A perfect phylogeny is a rooted tree representing the evolutionary history of a set of n objects. The objects bijectively label the leaves of the tree and there are m binary characters, each labeling exactly one edge of the tree. For each leaf, the set of characters
that appear on the unique root-to-leaf path is the set of characters taking value 1 at the object labeling the leaf. While every perfect phylogeny naturally corresponds to an n x m binary matrix having objects as rows and characters as columns, the perfect phylogeny
problem asks the opposite question: Does a given binary matrix correspond to a perfect phylogeny? The problem is well known to be polynomially solvable: the yes instances are characterized by the absence of pairs of conflicting columns, where two columns of a binary
matrix are said to be in conflict if there exist three rows on which the two columns read 11, 10, and 01, respectively. The perfect phylogeny problem and various generalizations of it -many of which were proved intractable- have been extensively studied in computational biology.

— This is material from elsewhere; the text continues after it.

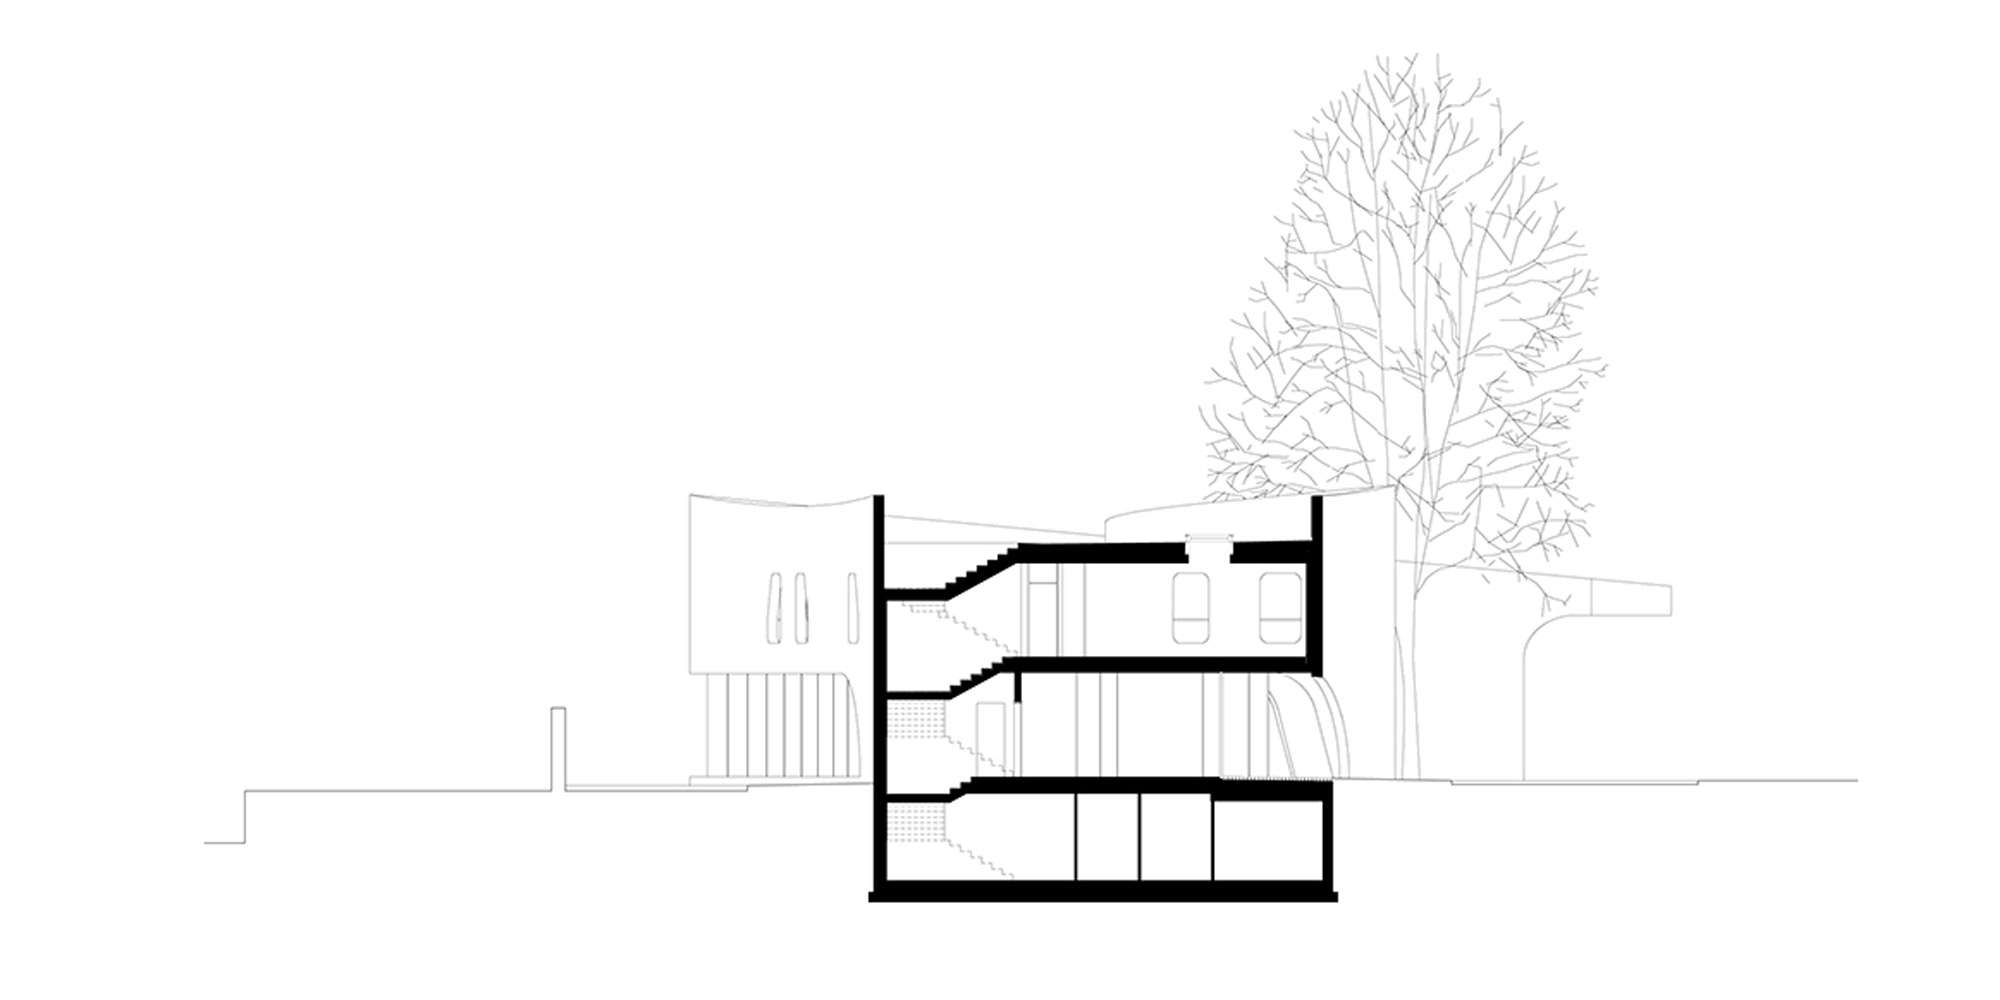 Sezione trasversale © MoDus Architects
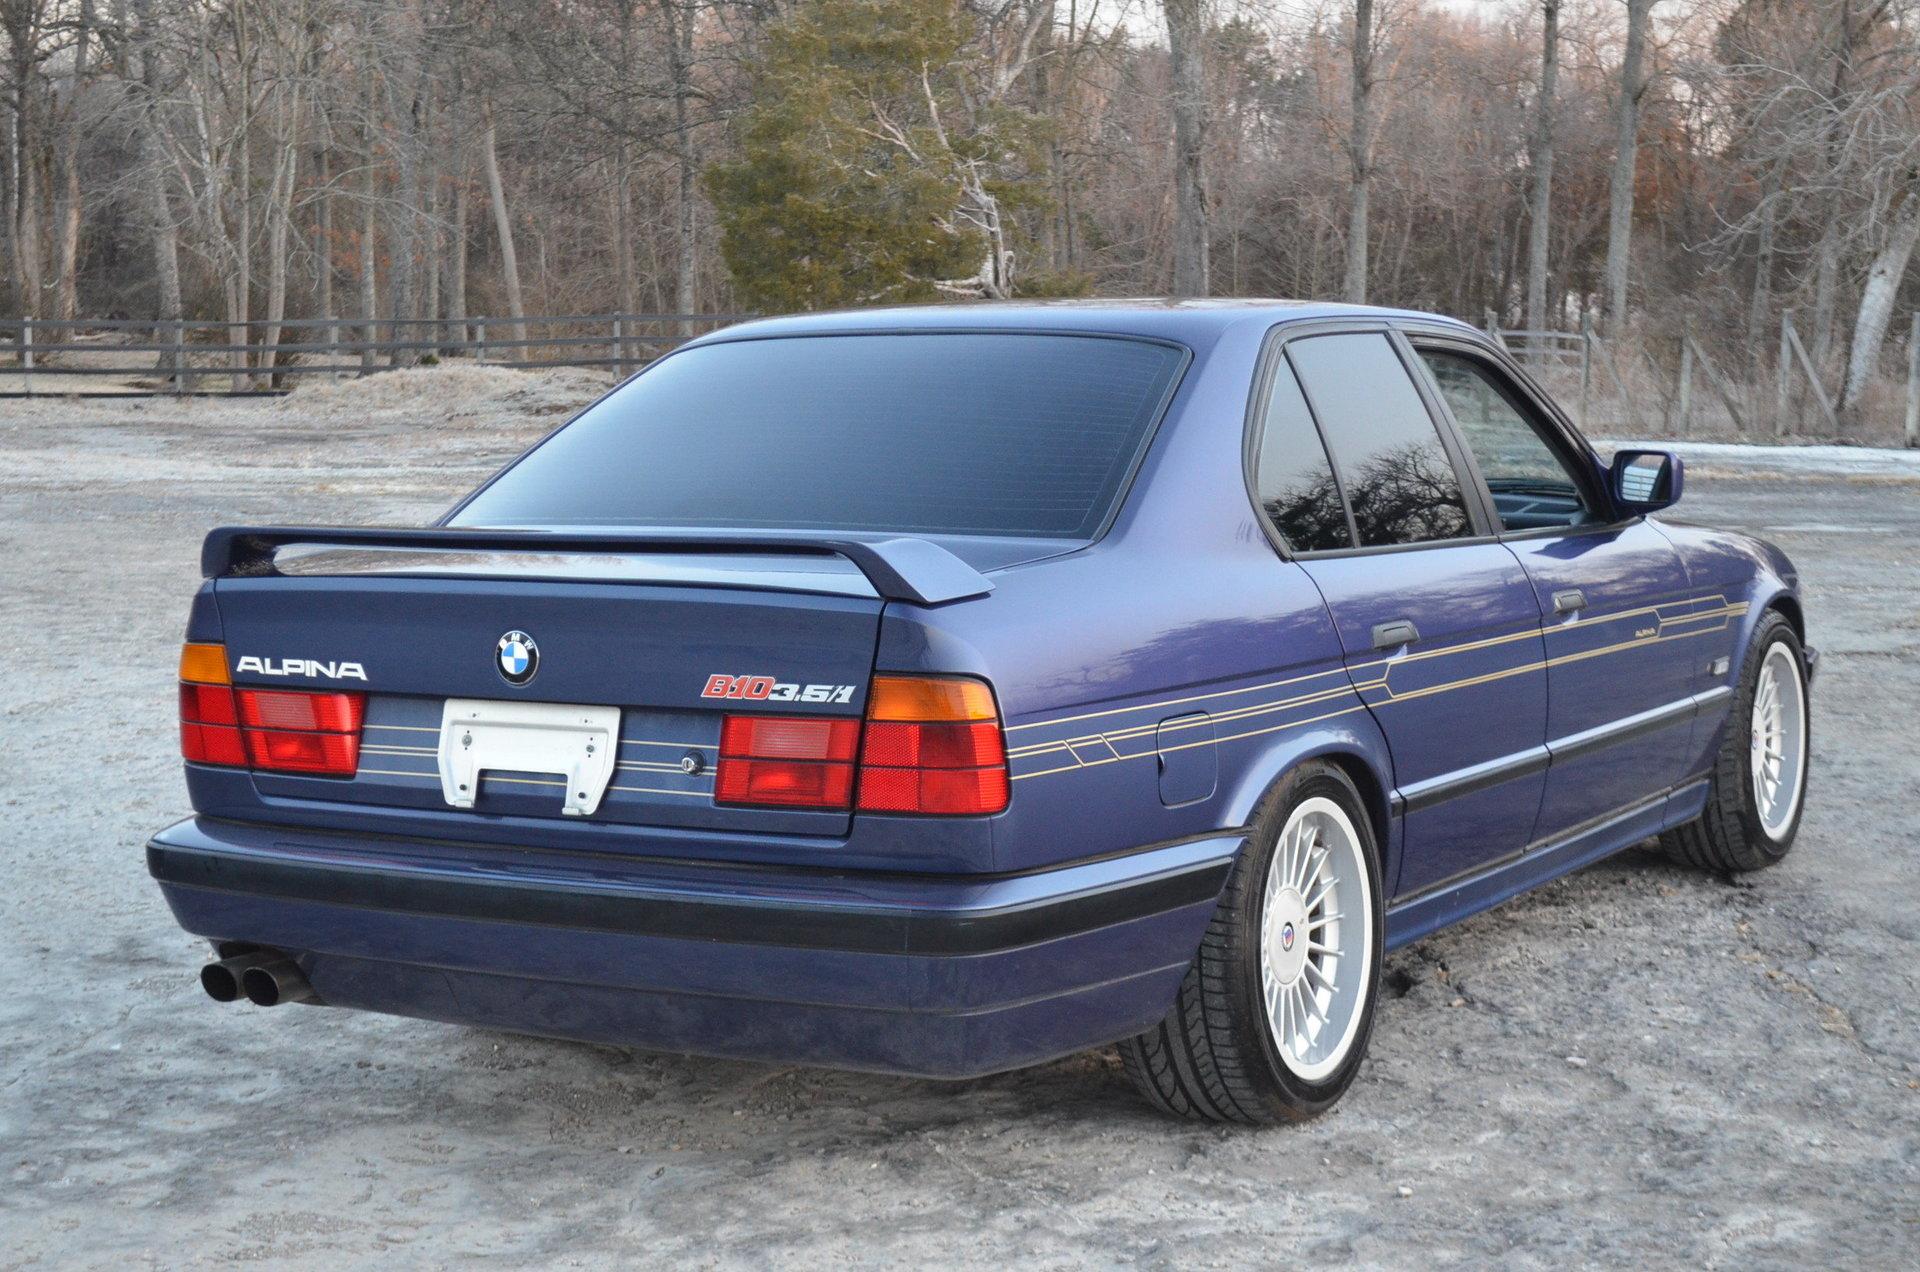 1989 Bmw Alpina B10 For Sale 80221 Mcg

We will discuss two generalizations of the perfect phylogeny problem, first considered by Hajirasouliha and Raphael in 2014 and motivated by applications in cancer genomics. Both problems are optimizations problems and can be defined as follows:
- The minimum conflict-free row split (MCRS) problem: split each row of a given binary matrix into a bitwise OR of a set of rows so that the resulting matrix has no pairs of conflicting columns (that is, it corresponds to a perfect phylogeny) and has the minimum number of rows among all matrices with this property.
- The minimum distinct conflict-free row split problem: the variant of the problem in which the task is to minimize the number of distinct rows of the resulting matrix.
The talk will focus on various graph theoretic and computational aspects of the two problems, including:
- formulations of the two problems in terms of branchings in a derived directed acyclic graph,
- a related characterization of cocomparability graphs,
- inapproximability results and approximation algorithms for the two problems,
- two polynomial time heuristic algorithms for the MCRS problem: an algorithm based on coloring cocomparability graphs, and an improvement of it that finds an optimal solution in a reduced search space via a new min-max result in weighted acyclic digraphs generalizing Dilworth's theorem.
The results presented in the talk were obtained in collaborations with Ademir Hujdurović, Edin Husić, Ura Kačar, Bernard Ries, Romeo Rizzi, and Alexandru I. Tomescu.